Implementation:DataTalksClub Data engineering zoomcamp Dbt Sources Yml
| Page Metadata | |
|---|---|
| Knowledge Sources | repo: DataTalksClub/data-engineering-zoomcamp, dbt docs: dbt sources reference |
| Domains | Analytics Engineering, Source Management, Multi-Environment Configuration |
| Last Updated | 2026-02-09 14:00 GMT |
Overview
Concrete configuration pattern for declaring raw data sources in a dbt project, enabling multi-adapter deployments (BigQuery and DuckDB) with freshness monitoring and column-level documentation.
Description
The sources.yml file in the taxi_rides_ny project defines a single source named raw that abstracts two raw taxi trip tables (green_tripdata and yellow_tripdata). The source definition uses Jinja conditionals to resolve the physical database and schema based on the active dbt target type:
- BigQuery target: Resolves to
Template:Env var('GCP PROJECT ID').nytaxi. - DuckDB target: Resolves to
taxi_rides_ny.prod.
Freshness thresholds are configured to warn after 24 hours and error after 48 hours of stale data, with loaded_at_field set to the pickup datetime column for each table. All 18-20 columns per table are documented with human-readable descriptions.
Usage
This source declaration is used when:
- Staging models need to reference raw taxi data via
Template:Source('raw', 'green tripdata')orTemplate:Source('raw', 'yellow tripdata'). - Running
dbt source freshnessto verify upstream data pipelines have loaded recent data. - Generating documentation that includes raw table schemas.

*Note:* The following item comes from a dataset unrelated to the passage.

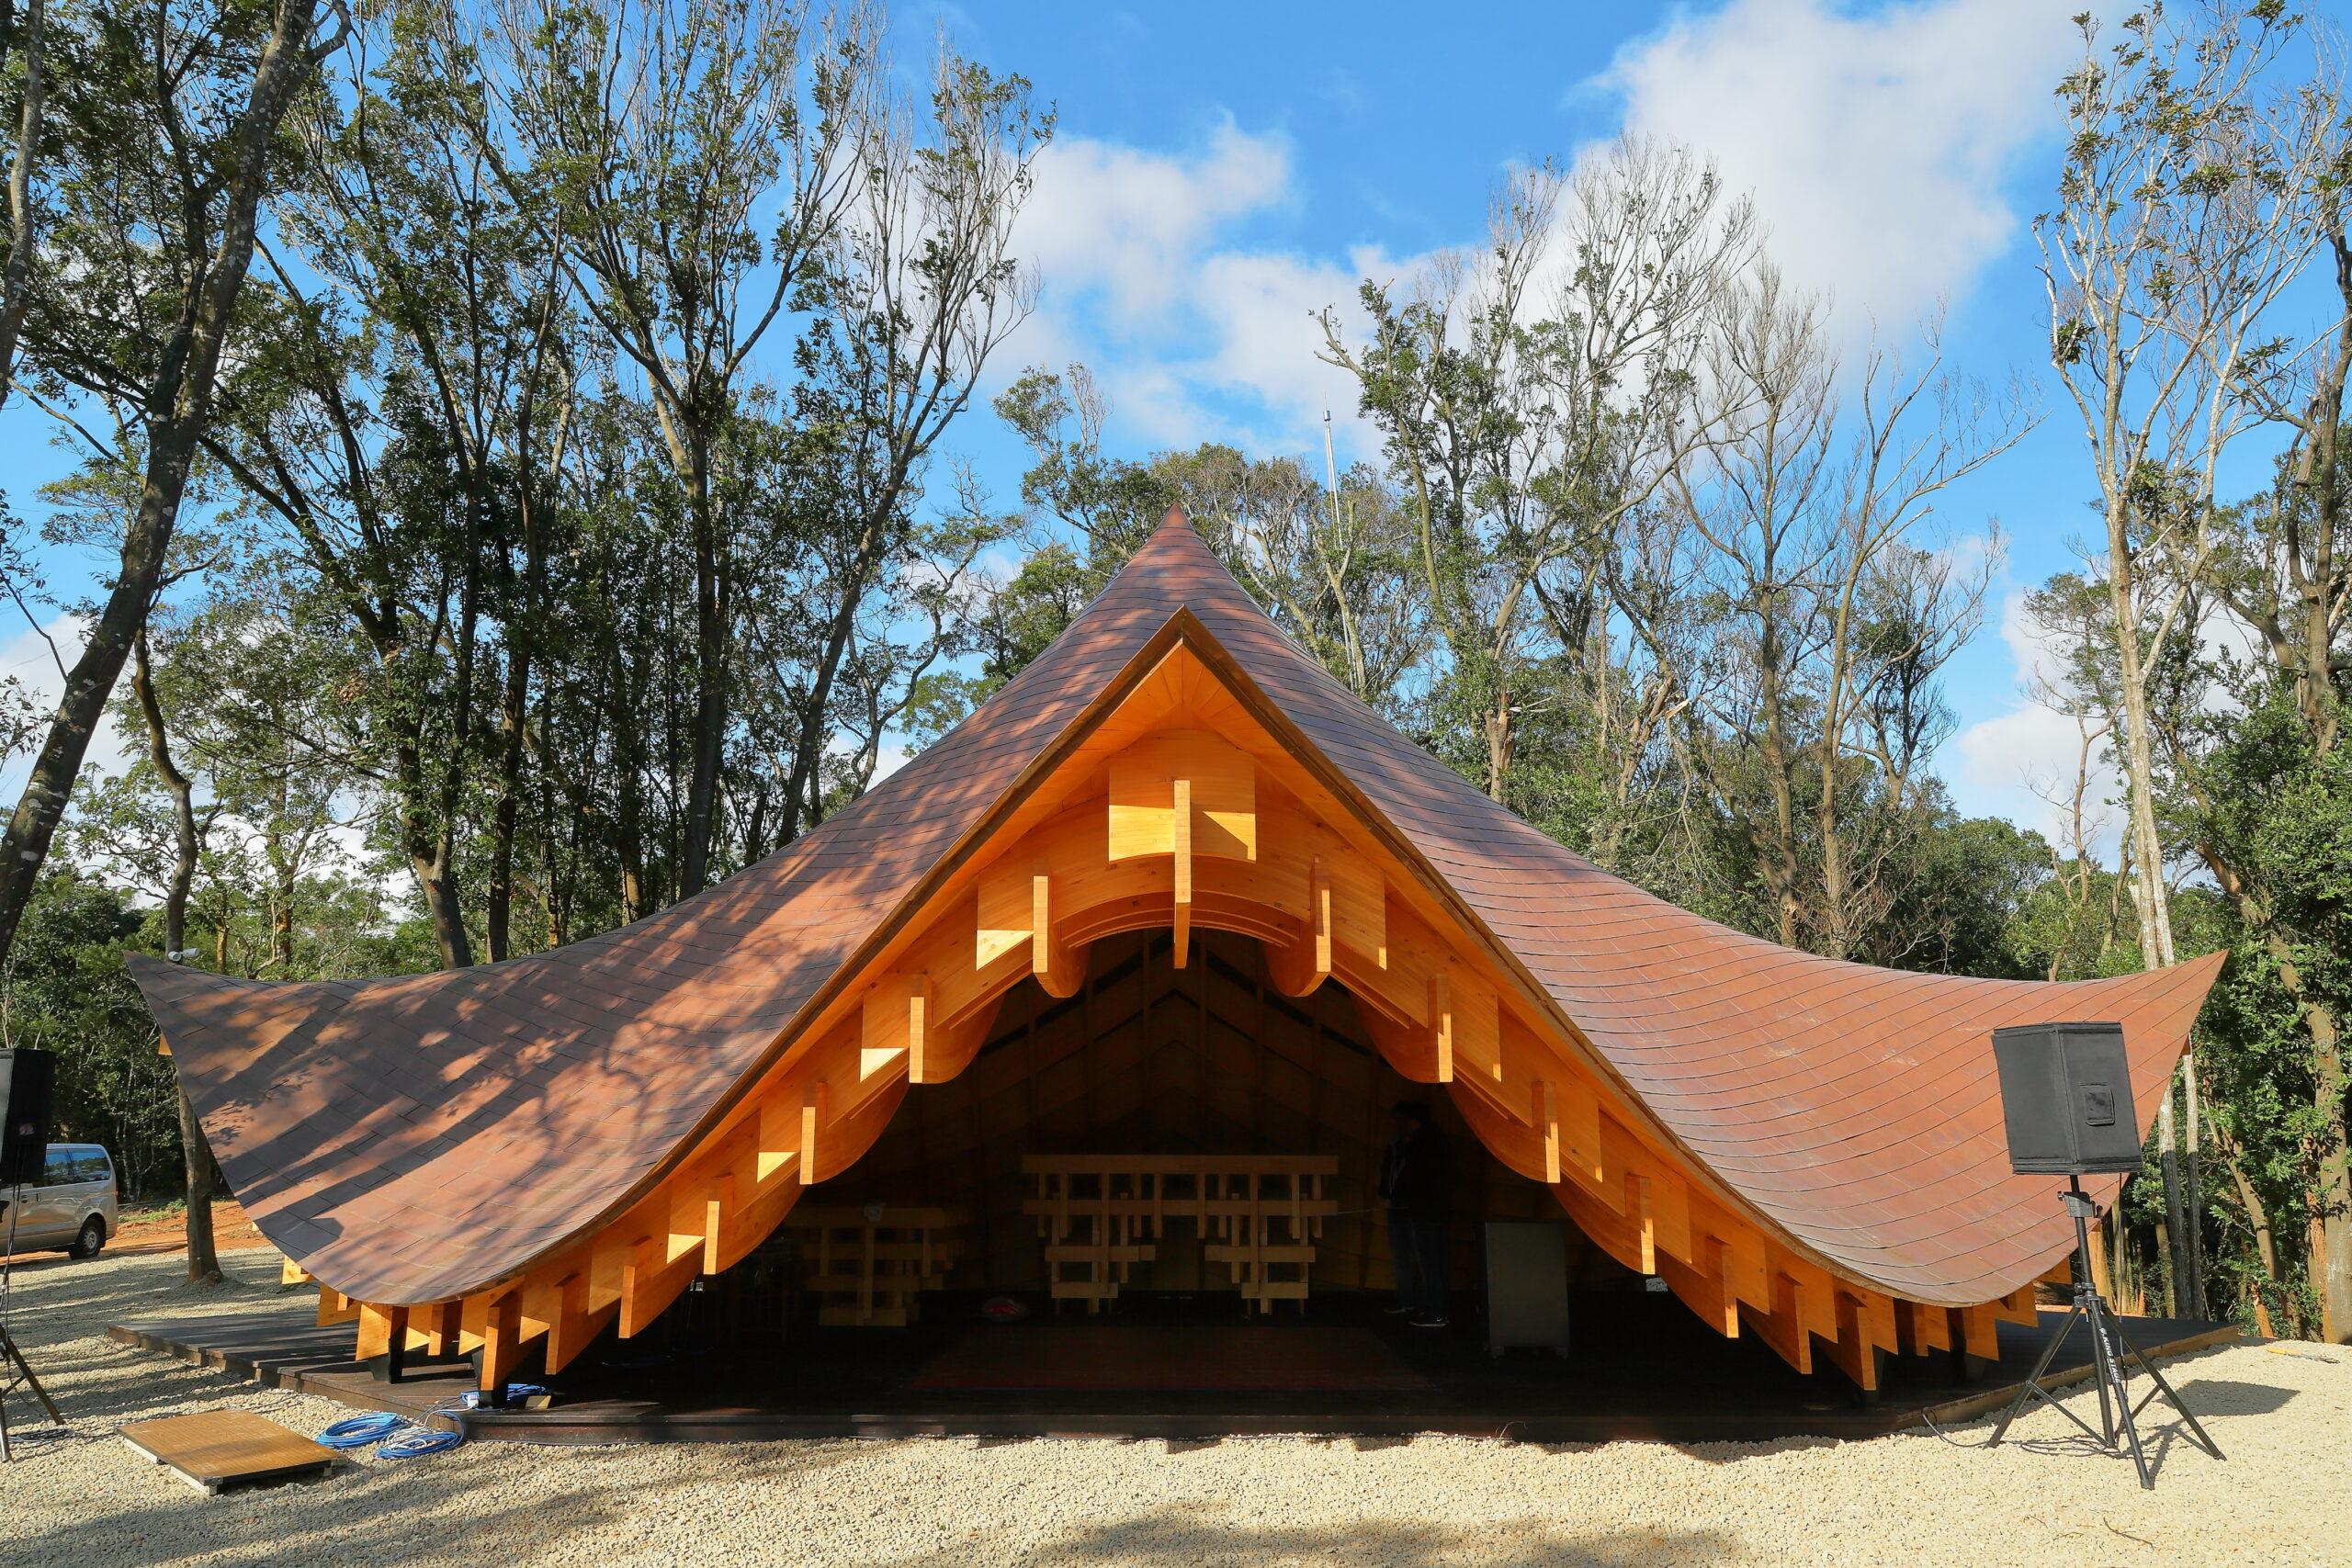 新竹包車一日遊-馬武督探索森林、青草湖、雲夢山丘

- Switching between BigQuery (cloud) and DuckDB (local) environments without changing model SQL.
Code Reference
Source Location
04-analytics-engineering/taxi_rides_ny/models/staging/sources.yml (Lines 1-100)
Signature
sources:
- name: raw
description: Raw taxi trip data from NYC TLC
database: |
{%- if target.type == 'bigquery' -%}
{{ env_var('GCP_PROJECT_ID', 'please-add-your-gcp-project-id-here') }}
{%- else -%}
taxi_rides_ny
{%- endif -%}
schema: |
{%- if target.type == 'bigquery' -%}
nytaxi
{%- else -%}
prod
{%- endif -%}
freshness:
warn_after: {count: 24, period: hour}
error_after: {count: 48, period: hour}
tables:
- name: green_tripdata
description: Raw green taxi trip records
loaded_at_field: lpep_pickup_datetime
columns:
- name: vendorid
description: "Taxi technology provider (1 = Creative Mobile Technologies, 2 = VeriFone Inc.)"
- name: lpep_pickup_datetime
description: Date and time when the meter was engaged
- name: lpep_dropoff_datetime
description: Date and time when the meter was disengaged
# ... (18 columns total)
- name: yellow_tripdata
description: Raw yellow taxi trip records
loaded_at_field: tpep_pickup_datetime
columns:
- name: vendorid
description: "Taxi technology provider (1 = Creative Mobile Technologies, 2 = VeriFone Inc.)"
- name: tpep_pickup_datetime
description: Date and time when the meter was engaged
- name: tpep_dropoff_datetime
description: Date and time when the meter was disengaged
# ... (16 columns total)
Import
Sources are automatically discovered by dbt when placed in the model-paths directory. To reference a source in a model:
{{ source('raw', 'green_tripdata') }}
{{ source('raw', 'yellow_tripdata') }}
To check freshness from the command line:
dbt source freshness
I/O Contract
Inputs
| Input | Type | Description |
|---|---|---|
GCP_PROJECT_ID environment variable |
String | GCP project ID, required when target.type == 'bigquery'; defaults to 'please-add-your-gcp-project-id-here'
|
target.type |
String | dbt adapter type ('bigquery' or 'duckdb'), set in profiles.yml
|
green_tripdata raw table |
Database table | Raw green taxi trip records with 18 columns including lpep_pickup_datetime
|
yellow_tripdata raw table |
Database table | Raw yellow taxi trip records with 16 columns including tpep_pickup_datetime
|
Outputs
| Output | Type | Description |
|---|---|---|
source('raw', 'green_tripdata') |
Source reference | Resolves to the physical green taxi table based on target environment |
source('raw', 'yellow_tripdata') |
Source reference | Resolves to the physical yellow taxi table based on target environment |
| Freshness status | Pass/Warn/Error | Result of dbt source freshness based on 24h warn / 48h error thresholds
|
| Column documentation | Metadata | Human-readable descriptions for all source columns in generated docs |
Usage Examples
Referencing a source in a staging model
-- stg_green_tripdata.sql
with source as (
select * from {{ source('raw', 'green_tripdata') }}
),
renamed as (
select
cast(vendorid as integer) as vendor_id,
cast(lpep_pickup_datetime as timestamp) as pickup_datetime,
-- ... additional column standardization
from source
where vendorid is not null
)
select * from renamed
Running freshness checks
# Check if raw data was loaded within expected thresholds
dbt source freshness
# Output example:
# 14:32:01 1 of 2 WARN freshness of raw.green_tripdata ........... [WARN in 0.45s]
# 14:32:02 2 of 2 PASS freshness of raw.yellow_tripdata .......... [PASS in 0.38s]
Multi-adapter resolution
# When target.type == 'bigquery':
# database = "my-gcp-project"
# schema = "nytaxi"
# Resolved: my-gcp-project.nytaxi.green_tripdata
# When target.type == 'duckdb':
# database = "taxi_rides_ny"
# schema = "prod"
# Resolved: taxi_rides_ny.prod.green_tripdata